Looking for a common feature shared by a, g, h and x, we may notice that the latter three have no repeated digits, and only one of the options for a shares that feature. If that’s what’s required, for the final step we need to find a fifth BCEF-G pair with eight different digits. The preamble says that the G part is greater than the ones we have so far, ie it’s > 3572. But the upper bound for G values is 7×6 + 66×9×8 = 4794. The CF we need is therefore between (3574 − 8×9)/66 ≈ 53.1 and (4793 − 1×2)/66 ≈ 72.6. The numbers in that range that are the product of two digits are {54 = 6×9, 56 = 7×8, 63 = 7×9, 72 = 8×9}. If CF is 54 then G = BE + 66×54 = BE + 3564; because 6 and 9 are the digits CF, the maximum for BE is 7×8 = 56, so G ≤ 3564 + 56 = 3620 and, to avoid repeating 6 or 9, G is in the range [3574, 3587], with BE correspondingly in the range [10, 23], being the product of two digits not including 3 or 5 (which are in G) or 6 or 9 (which are C and F). The only such values are {14 = 2×7, 16 = 2×8}, but 2×7 + 66×6×9 = 3578 repeats 7 and 2×8 + 66×6×9 = 3580 repeats 8 (and has a disallowed 0); therefore CF isn’t 54.

If CF is 56 then G = BE + 3696; because 7 and 8 are the digits CF, the maximum for BE is 9×6 = 54, so G ≤ 3696 + 54 = 3750. G is ≥ 3696 + 1×2 = 3698 but in the range [3698, 3750] the only value that doesn’t contain 7 or 8 or is 3699, with a repeated 9; therefore CF isn’t 56.

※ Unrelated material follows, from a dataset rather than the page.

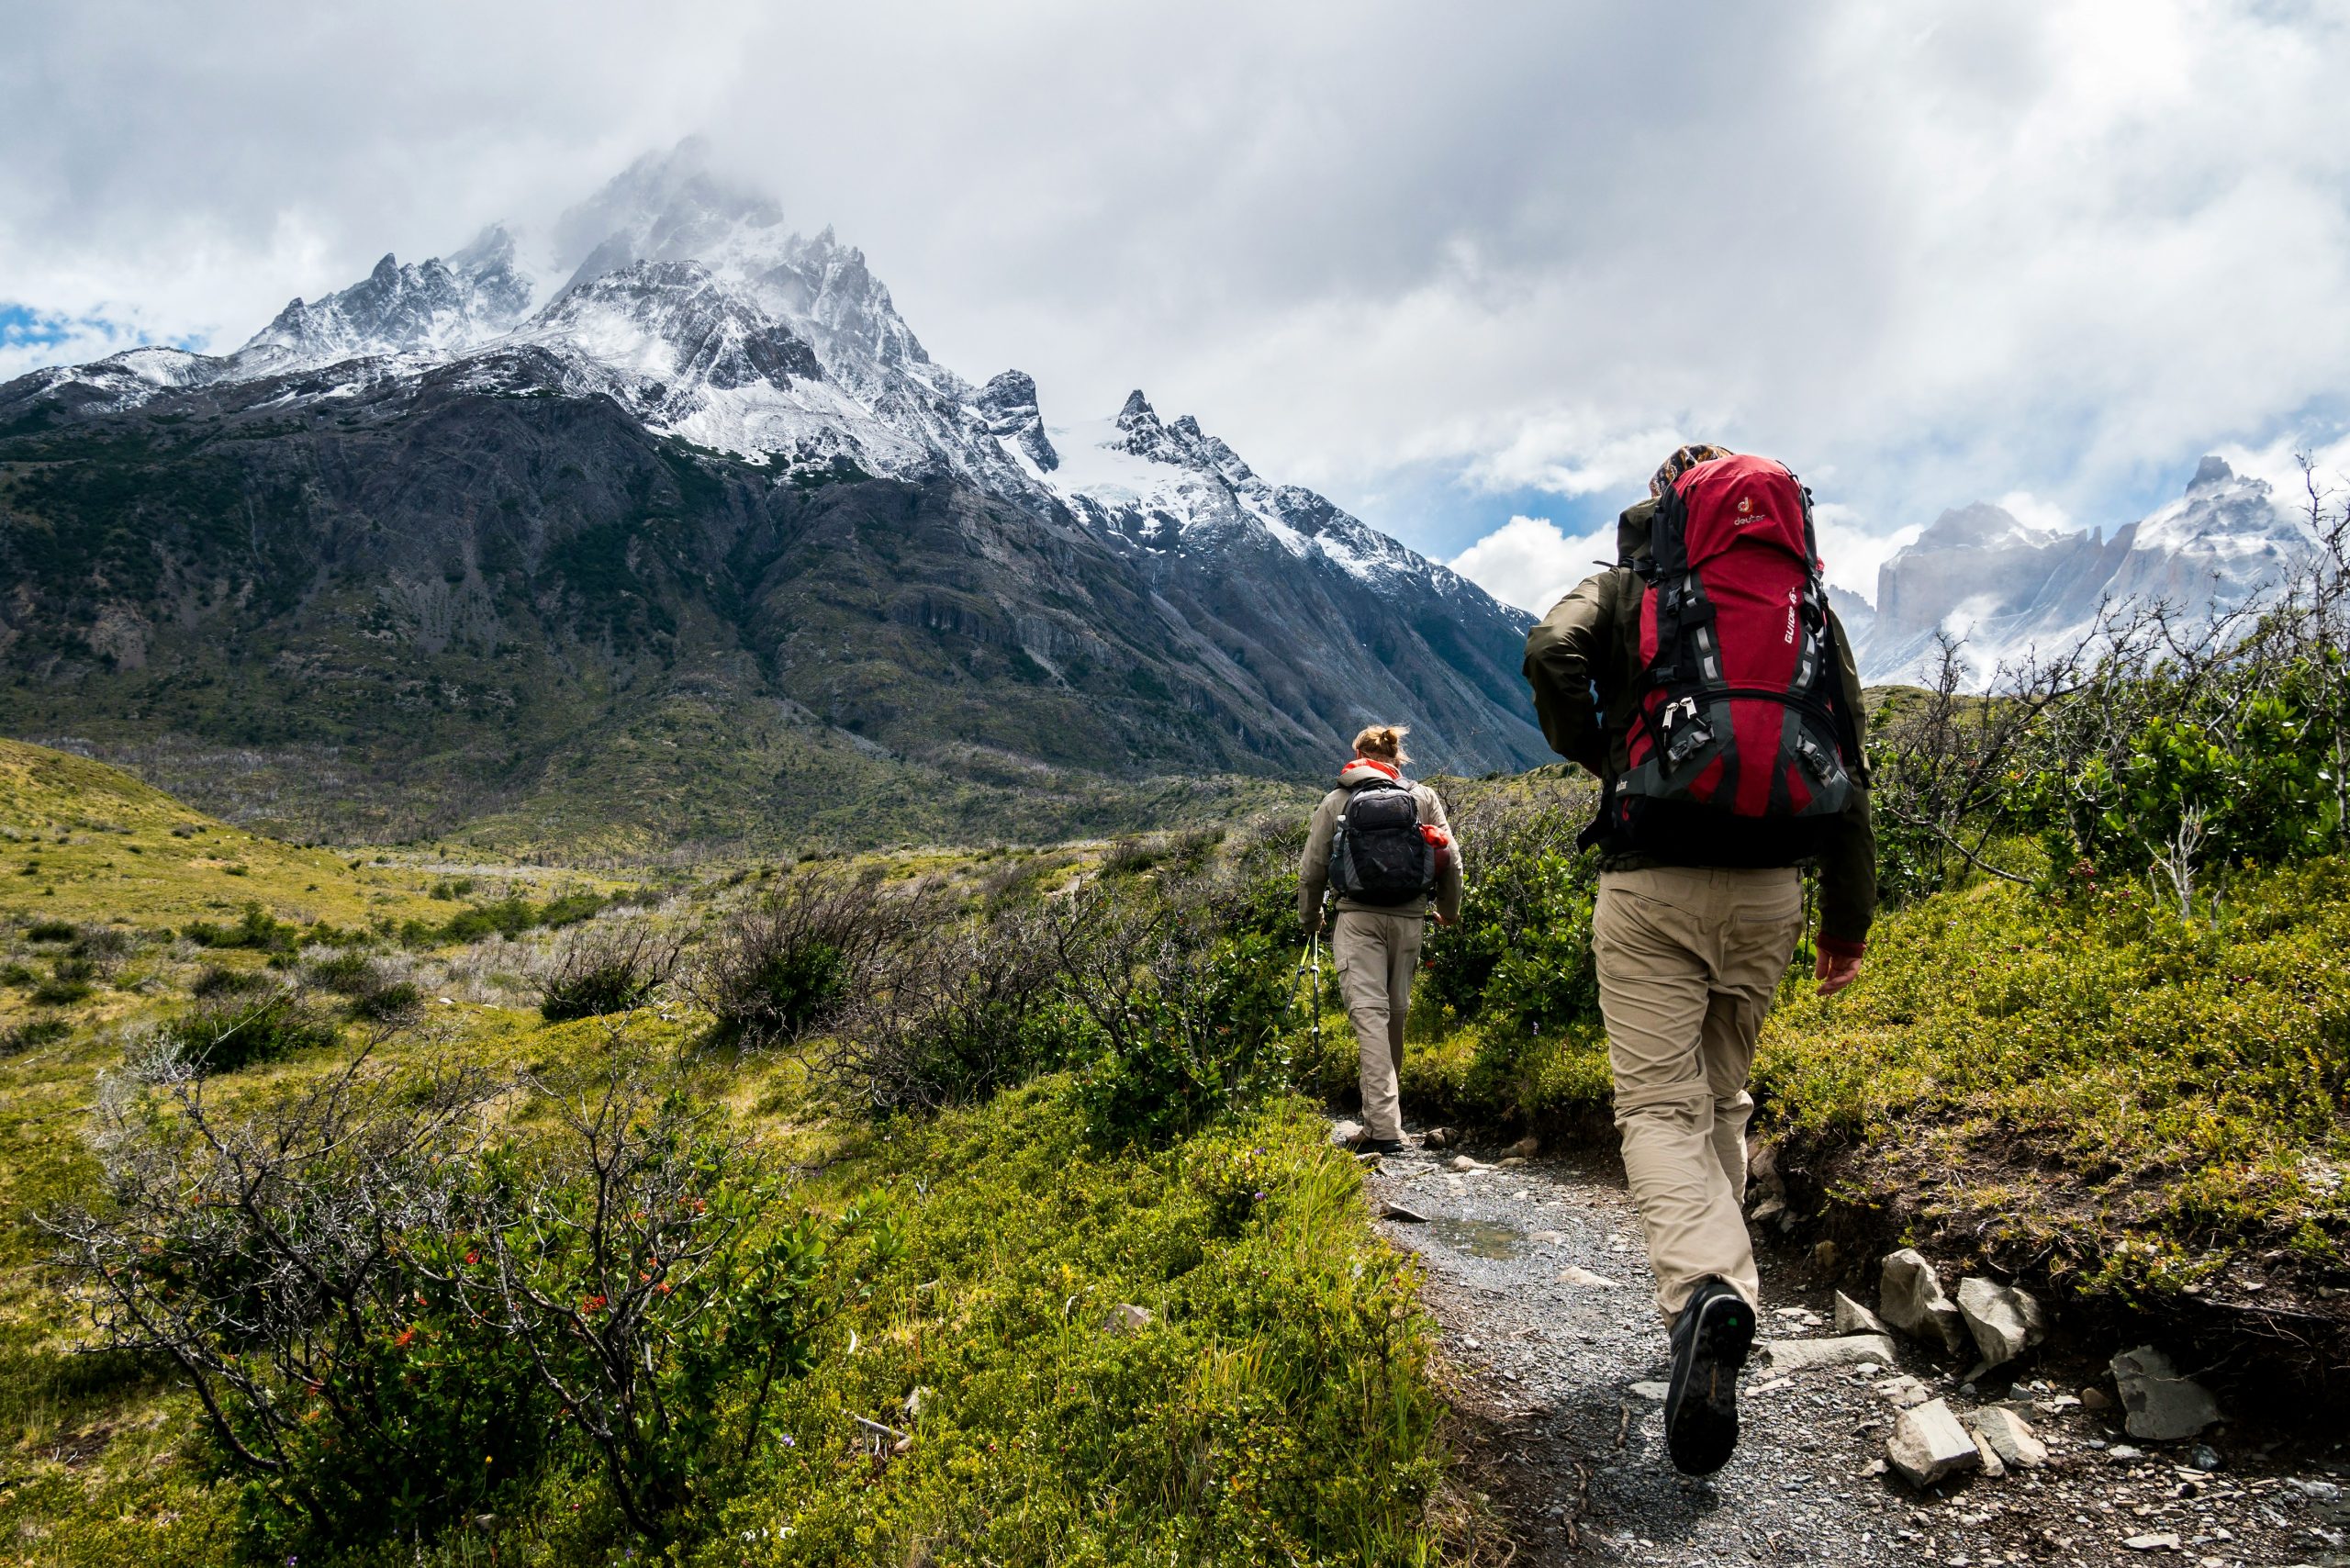 explore the great outdoors with our exhilarating trekking experiences. embark on an adventure and discover stunning natural landscapes, rugged terrain, and breathtaking vistas.

If CF is 72 then G = BE + 4752; because 8 and 9 are the digits CF, the maximum for BE is 7×6 = 42, so G ≤ 4752 + 42 = 4794, but because it can’t repeat 9, 8 or 7 its upper bound is 4765. G is ≥ 4752 + 1×2 = 4754, so it’s in the range [4754, 4765]; the only values in that range that don’t contain 8, 9, 0 or a repeated digit are {4756, 4761, 4762, 4763, 4765} with corresponding BE values of {4, 9, 10, 11, 13}, from which we can eliminate 4 = 1×4 (we have a 4 in G), 9 = 1×9 (either C or F is 9) and the primes 11 and 13. If BE is 10 = 2×5 then G = 4762, which repeats a 2; therefore CF isn’t 72.

So we’re left with CF = 63 = 7×9, making G = BE + 4158.
The maximum available for BE is 6×8 = 48, so G ≤ 4158 + 48 = 4206, but it’s not allowed to contain 0 (or 7 or 9), so the maximum comes down to 4186;
BE can’t include 1 (or 4) because that would be repeated in G, so the minimum for G is 4158 + 2×3 = 4164.
The only values in the range [4164, 4186] without 0, 7, 9 or repeats are {4165, 4168, 4182, 4183, 4185, 4186}, with corresponding BE values of {7, 10, 24, 25, 27, 28}.
We can eliminate 7 = 1×7, 25 = 5×5, 27 = 3×9 and 28 = 4×7 because they repeat digits.
If BE is 24 we have G = 24 + 4158 = 4182, but then either 3×8 or 4×6 for BE would repeat a digit in G.
Therefore BE = 10 = 2×5 and G = 4168.
There are four permutations of the BE and CF digits, namely {2759, 2957, 5729, 5927}, but the preamble says we want the smallest one, so the required numbers are **2759** and **4168**.
Converting those to the letters used in clues gives **ROAD INUS** (“in US”), a description of the famous Route 66 hinted at by the puzzle’s title.